**** MATERIALS PROVIDED

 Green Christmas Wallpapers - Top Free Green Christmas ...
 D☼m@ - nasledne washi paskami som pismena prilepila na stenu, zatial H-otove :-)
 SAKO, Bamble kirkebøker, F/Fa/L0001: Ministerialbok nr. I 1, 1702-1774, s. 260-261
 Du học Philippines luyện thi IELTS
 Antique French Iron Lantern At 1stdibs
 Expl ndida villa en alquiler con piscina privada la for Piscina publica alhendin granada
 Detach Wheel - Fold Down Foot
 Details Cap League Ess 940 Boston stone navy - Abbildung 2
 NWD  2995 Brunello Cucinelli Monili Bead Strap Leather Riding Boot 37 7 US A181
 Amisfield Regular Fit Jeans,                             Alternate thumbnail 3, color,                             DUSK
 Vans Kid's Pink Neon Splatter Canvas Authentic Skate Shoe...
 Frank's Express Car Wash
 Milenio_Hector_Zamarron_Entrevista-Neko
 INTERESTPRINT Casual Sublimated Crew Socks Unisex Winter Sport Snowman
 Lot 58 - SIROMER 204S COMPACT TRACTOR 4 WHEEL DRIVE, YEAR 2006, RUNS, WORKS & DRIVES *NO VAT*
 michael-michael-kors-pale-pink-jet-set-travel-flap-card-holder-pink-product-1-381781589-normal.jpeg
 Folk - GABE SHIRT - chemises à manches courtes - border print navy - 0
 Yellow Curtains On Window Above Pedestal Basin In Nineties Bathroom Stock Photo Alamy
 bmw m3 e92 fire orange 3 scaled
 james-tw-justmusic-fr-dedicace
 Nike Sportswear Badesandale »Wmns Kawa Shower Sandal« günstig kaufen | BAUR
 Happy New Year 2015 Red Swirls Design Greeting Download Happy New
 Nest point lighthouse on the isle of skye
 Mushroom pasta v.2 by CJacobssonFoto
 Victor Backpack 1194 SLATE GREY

********

■ TASK GOAL ■
Note every line of the entries in which "navy" appears, and copy it down.

■ RESPONSE TO THIS TASK ■
 Details Cap League Ess 940 Boston stone navy - Abbildung 2
 Folk - GABE SHIRT - chemises à manches courtes - border print navy - 0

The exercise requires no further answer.